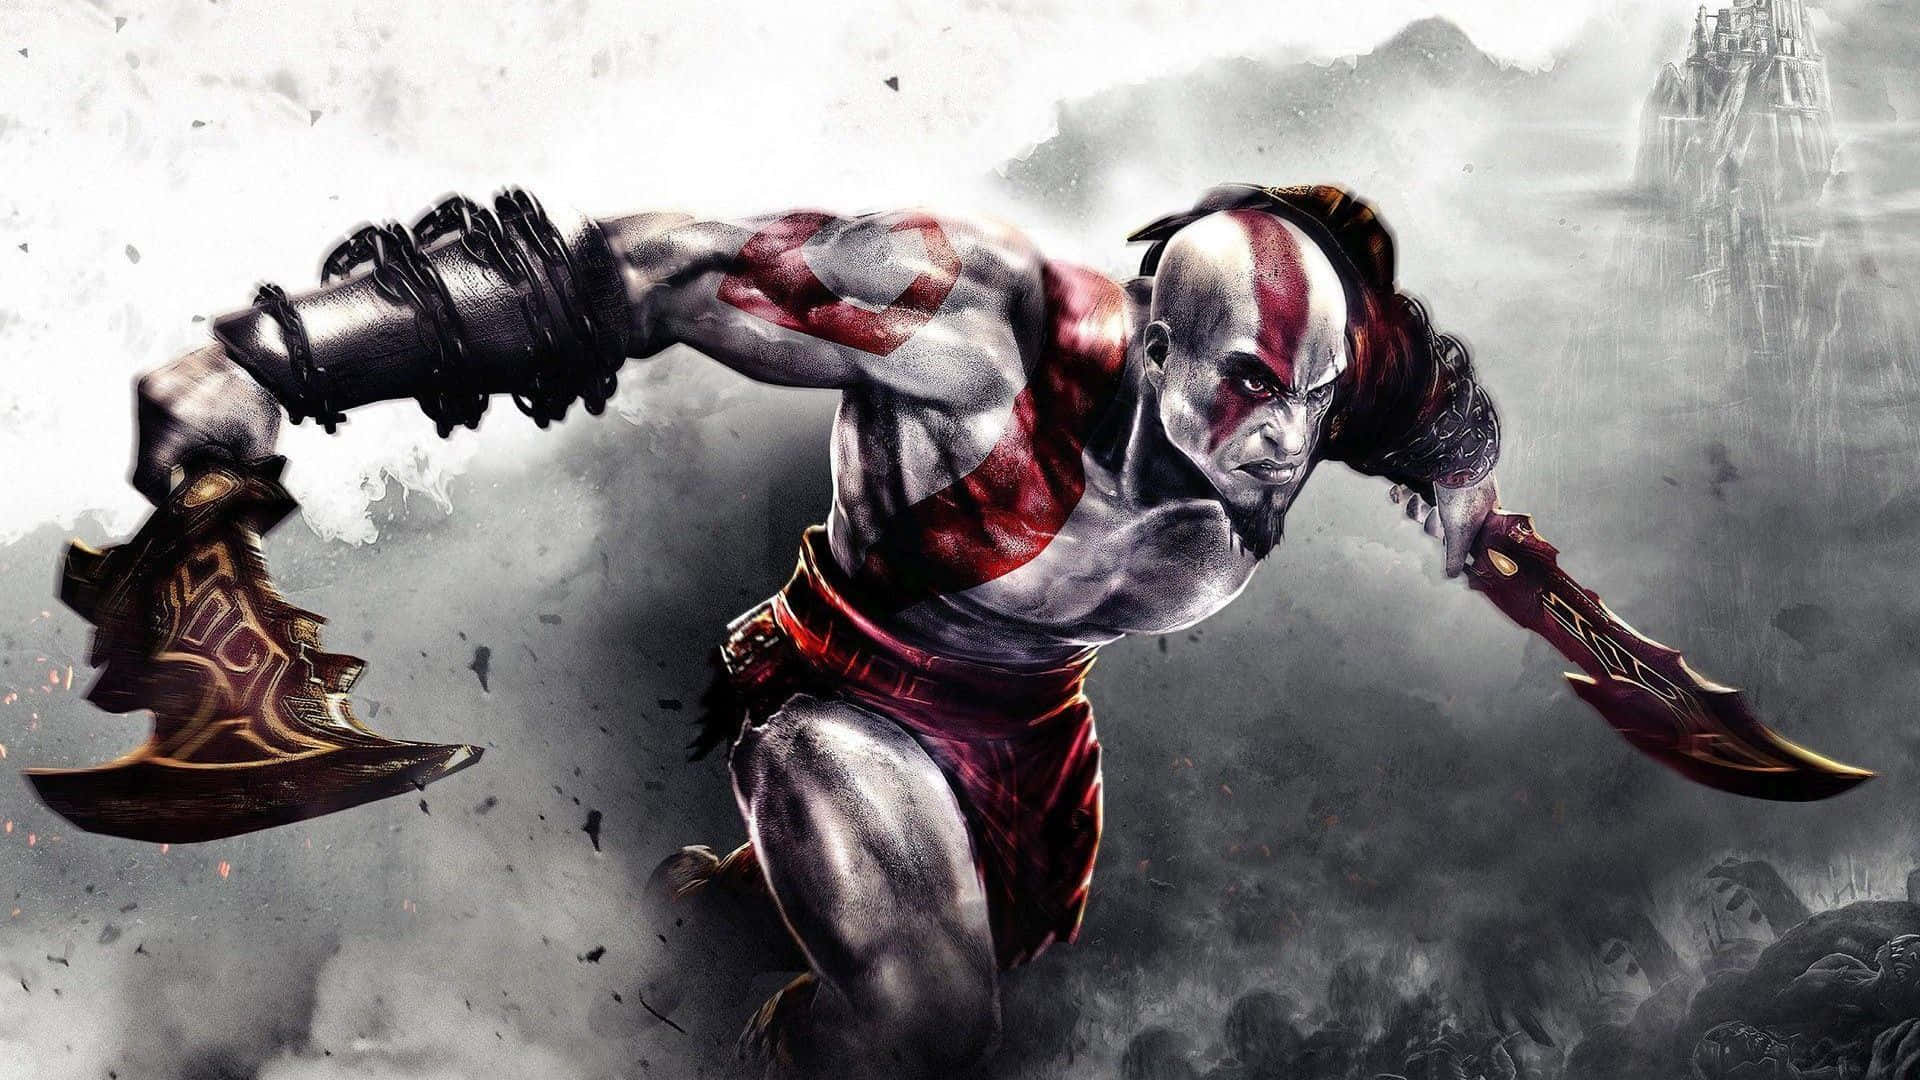 Kratos on a revenge mission in God Of War 3 Wallpaper
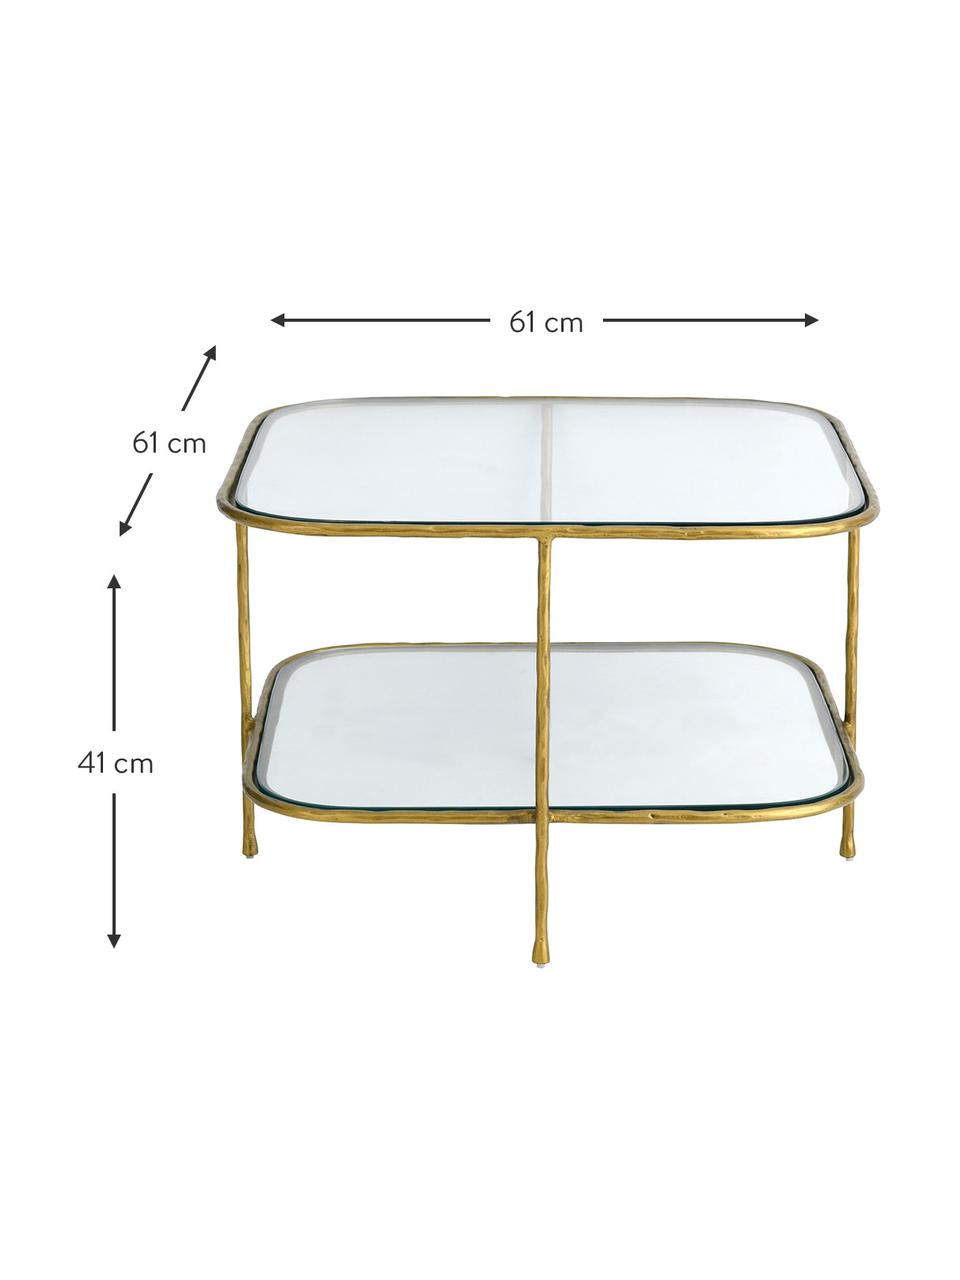 Glas-Couchtisch Petit, Tischplatte: gehärtes Glas, Gestell: Metall, beschichtet, Goldfarben, B 61 x T 61 cm
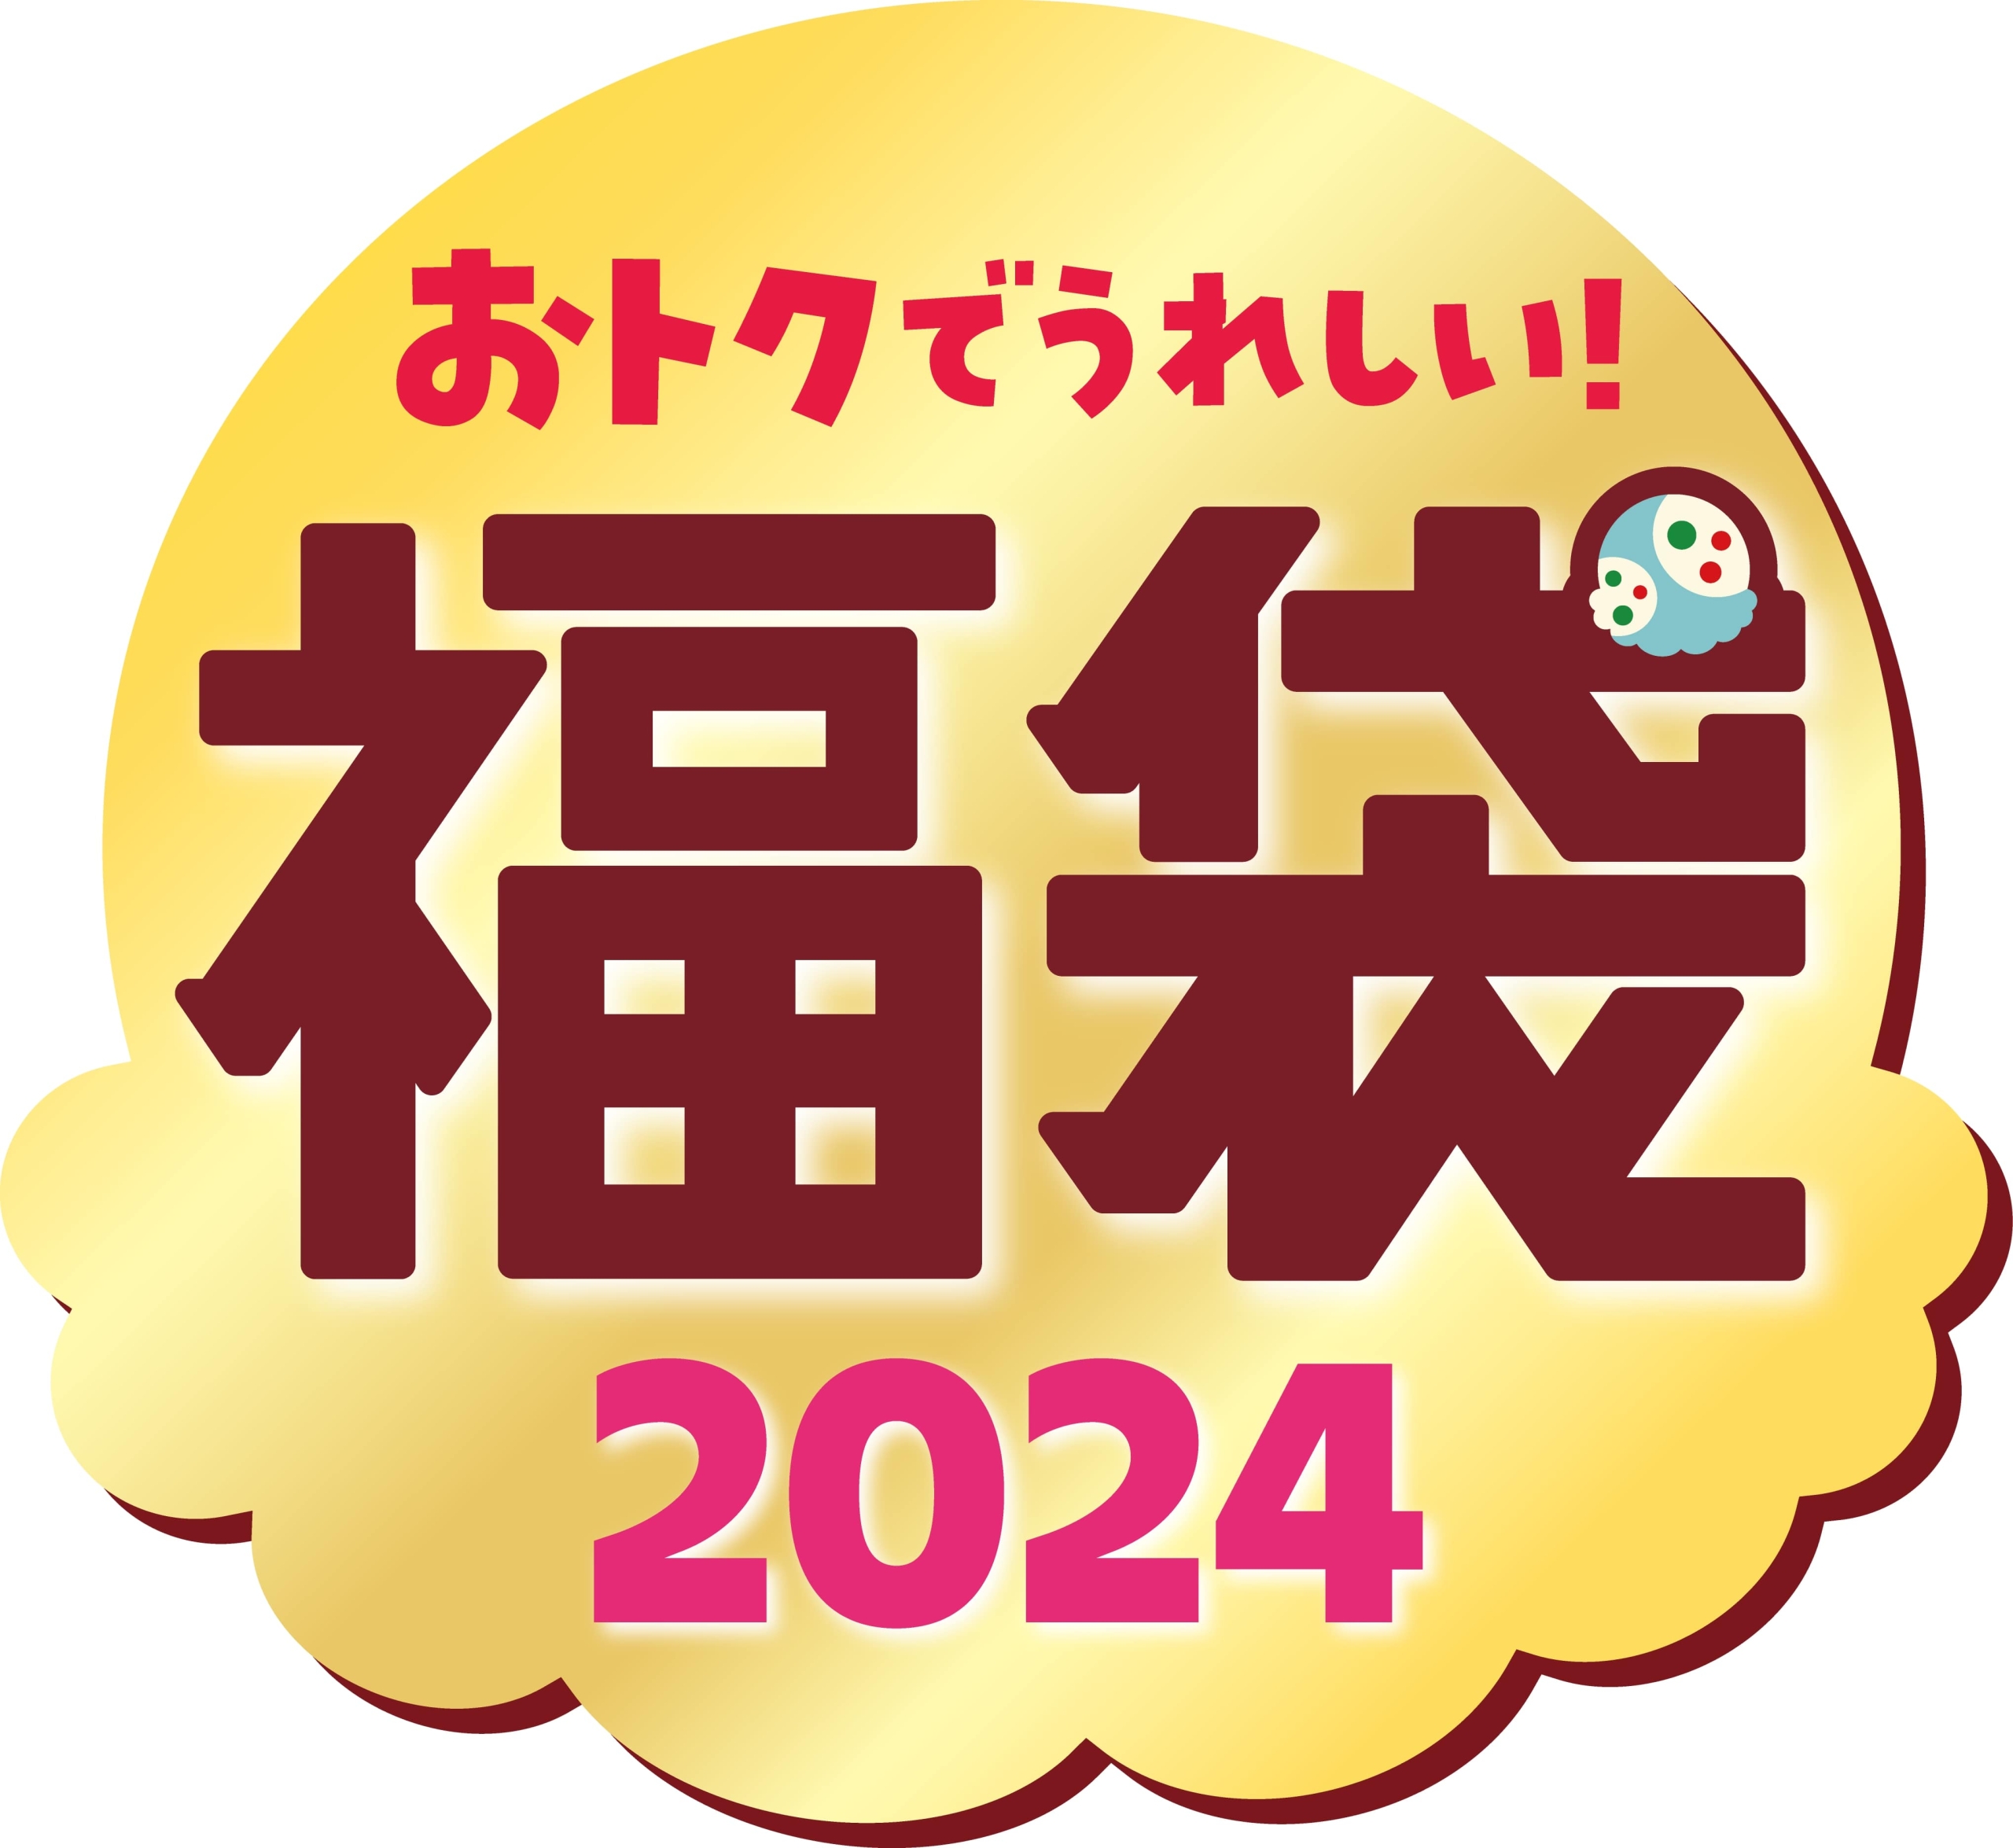 「サーティワン福袋2024」ロゴ/B-Rサーティワンアイスクリーム

Aim of the task
Leave out the pictures; repeat the data exactly.

Finished task
 Kratos on a revenge mission in God Of War 3 Wallpaper
 Glas-Couchtisch Petit, Tischplatte: gehärtes Glas, Gestell: Metall, beschichtet, Goldfarben, B 61 x T 61 cm
 「サーティワン福袋2024」ロゴ/B-Rサーティワンアイスクリーム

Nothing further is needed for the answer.